Search code examples
javascripthttp-redirectcloudflaregooglebotcloudflare-workers

Trying to redirect country specific users without affecting search engine crawlers

I'm trying prevent US visitors from accessing non-US pages by redirecting them using a Cloudflare Worker, however, I still want to allow search engines to crawl the entire site so they will bypass the redirect.

Cloudflare gives me the visitors country and if the visitor is a verified bot.

The site has all US page URLs prefixed with /us/ so I can perform a basic regex to check what part of the site they are trying to access.
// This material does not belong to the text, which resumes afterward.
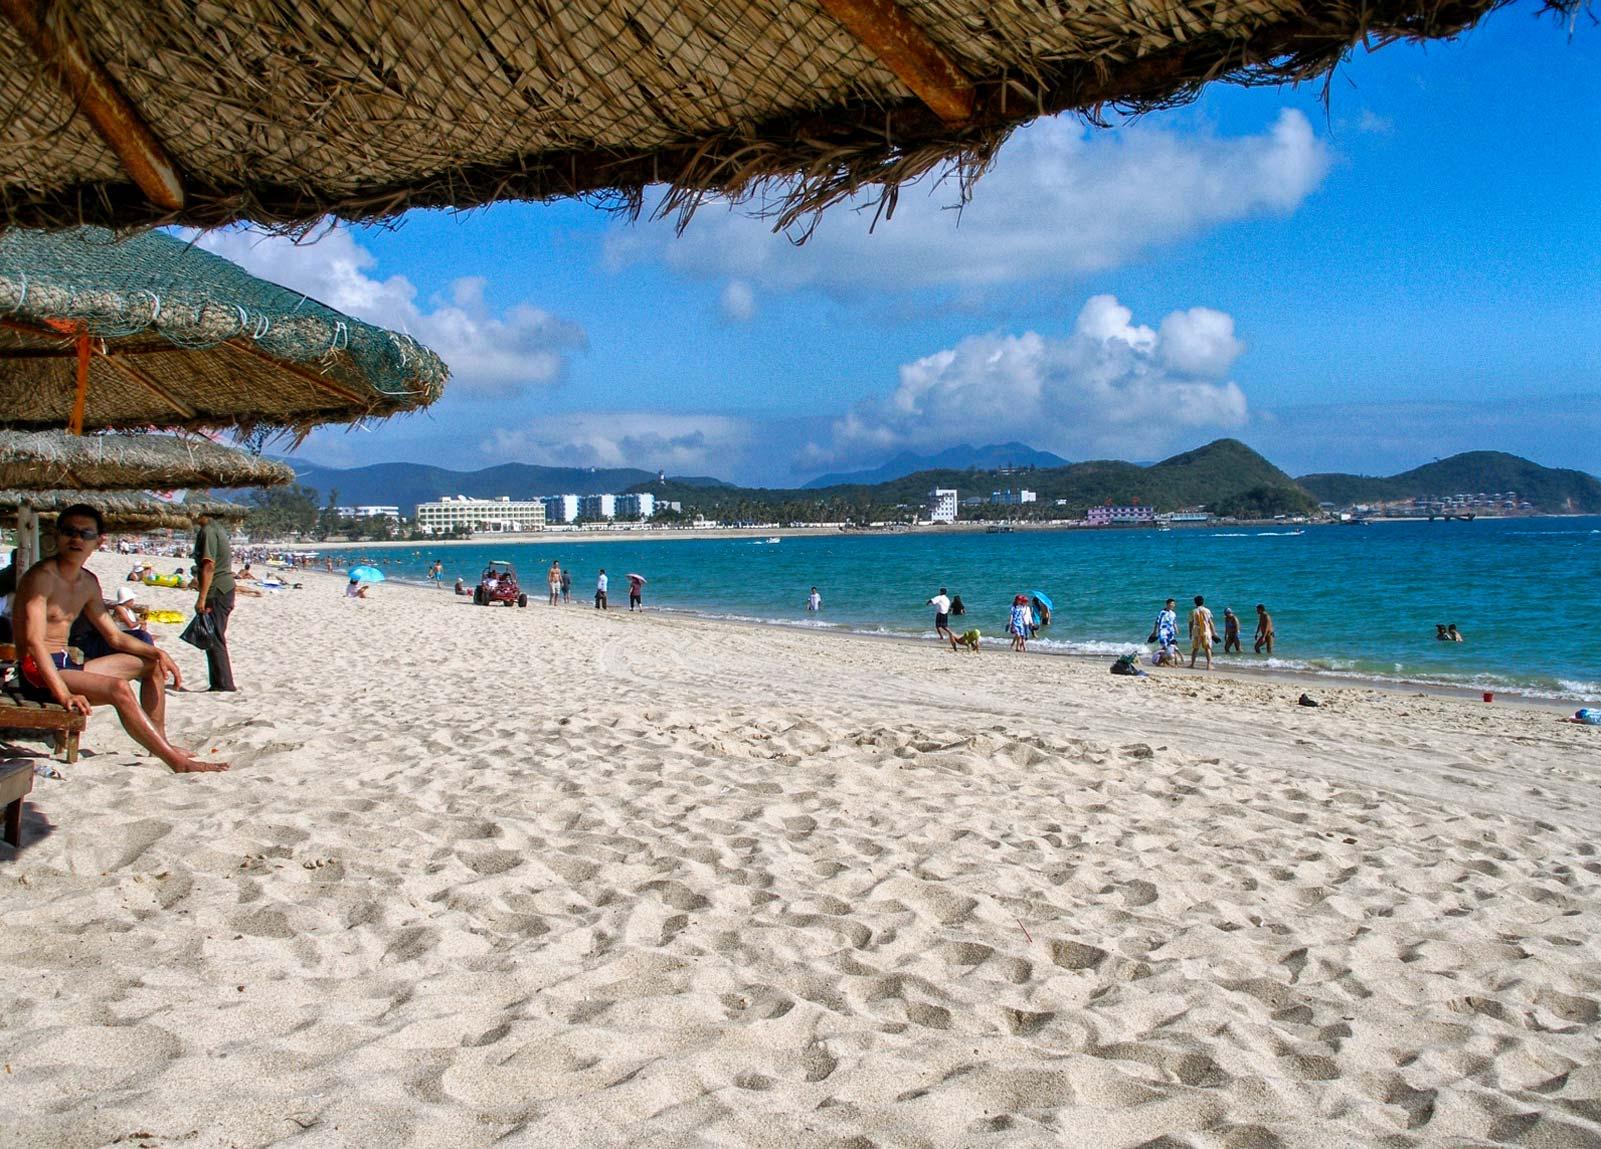 Hainan Travel Blog

So this is what I have implemented...

export default {
  async fetch(request) {

    // Get the visitors country code.
    // @link https://developers.cloudflare.com/workers/runtime-apis/request/
    const visitorCountry = request.cf?.country;

    // Get the bot management status.
    // @link https://developers.cloudflare.com/bots/reference/bot-management-variables/#workers-variables
    // @link https://radar.cloudflare.com/traffic/verified-bots
    const requestIsVerifiedBot = request?.cf?.botManagement?.verifiedBot;

    const requestUrl = new URL(request.url);
    const requestUrlIsUs = requestUrl.pathname.match(/^\/us\/?$|^\/us\/.*$/i)?.length;

    // If the visitor is from the US, and they are accessing a non-US page, and they are not a verified robot.
    if (visitorCountry === 'US' && !requestUrlIsUs && !requestIsVerifiedBot) {
      return Response.redirect('https://example.com/us/', 301); // Go back to the US homepage.
    }

    // Continue through.
    return fetch(request);
  }
}

The redirect is working as expected, however, the verified bot condition always appears to fail so crawlers are also being redirected. I'm not sure why this is happening, based on the Cloudflare documentation this should work as expected.

Any help would be appreciated!

Solution

  • You will need to enable Bot Management on your account. This is a paid Cloudflare feature.

    Unfortunately, due to a historical accident, request.cf.botManagement shows up even if you have not subscribed to Bot Management, but in this case it contains dummy values -- the content will be the same regardless of the request. We (Cloudflare) would like to remove the property entirely when you don't have a subscription, but some Worker scripts in the wild are accidentally depending on this field existing even though they haven't subscribed to the feature, so getting rid of it is complicated.